> _WHAT YOU WILL DO_
Before printing the listing, strip out its pictures and keep everything else exact.
[RECORDS TO USE Boundary: Start]
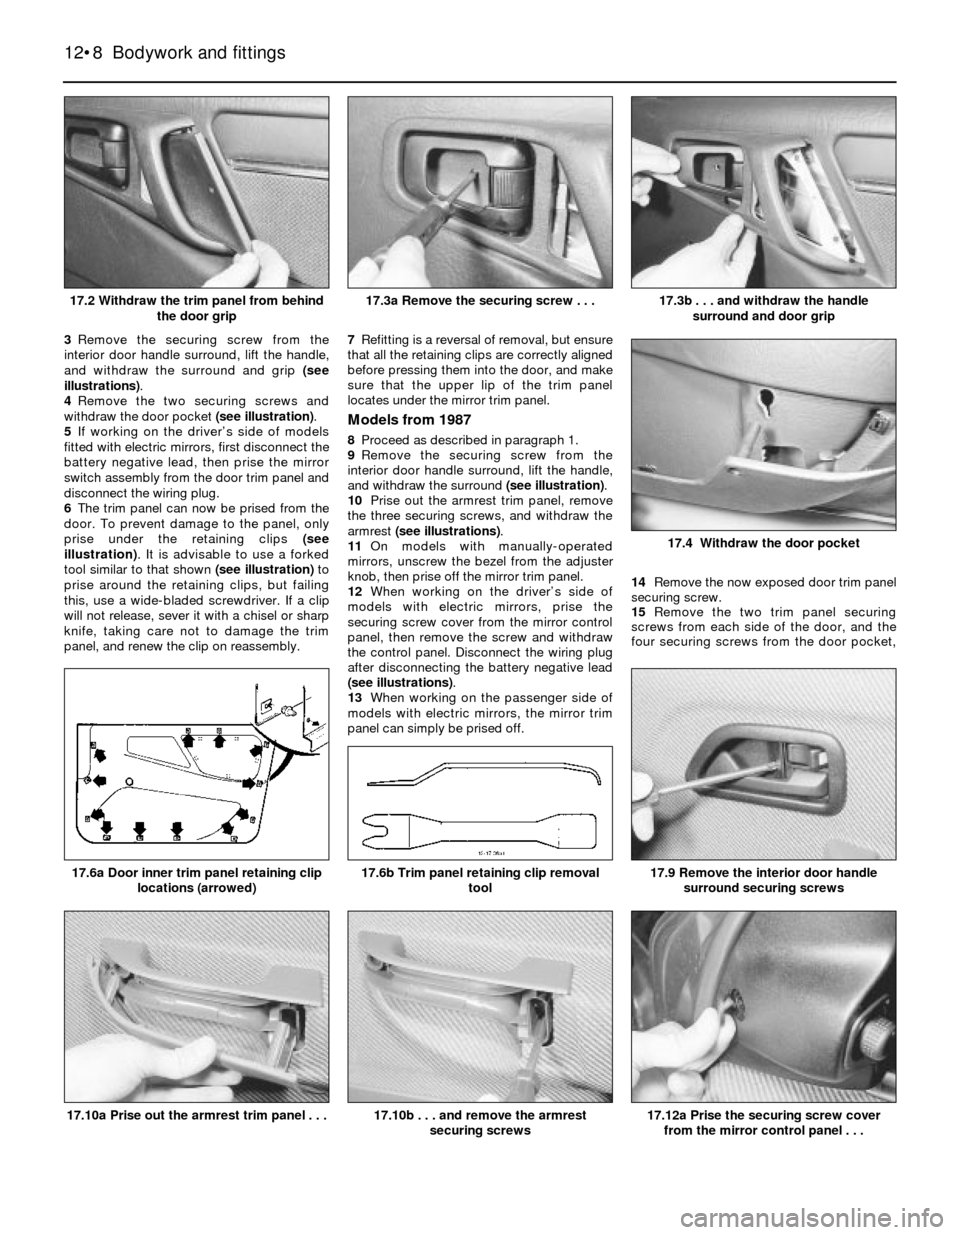 FORD SIERRA 1987 2.G Bodywork And Fittings Workshop Manual 3Remove the securing screw from the
interior door handle surround, lift the handle,
and withdraw the surround and grip (see
illustrations).
4Remove the two securing screws and
withdraw the door pocket
[RECORDS TO USE Boundary: End]
> _OUTPUT FOR THIS TASK_
 FORD SIERRA 1987 2.G Bodywork And Fittings Workshop Manual 3Remove the securing screw from the
interior door handle surround, lift the handle,
and withdraw the surround and grip (see
illustrations).
4Remove the two securing screws and
withdraw the door pocket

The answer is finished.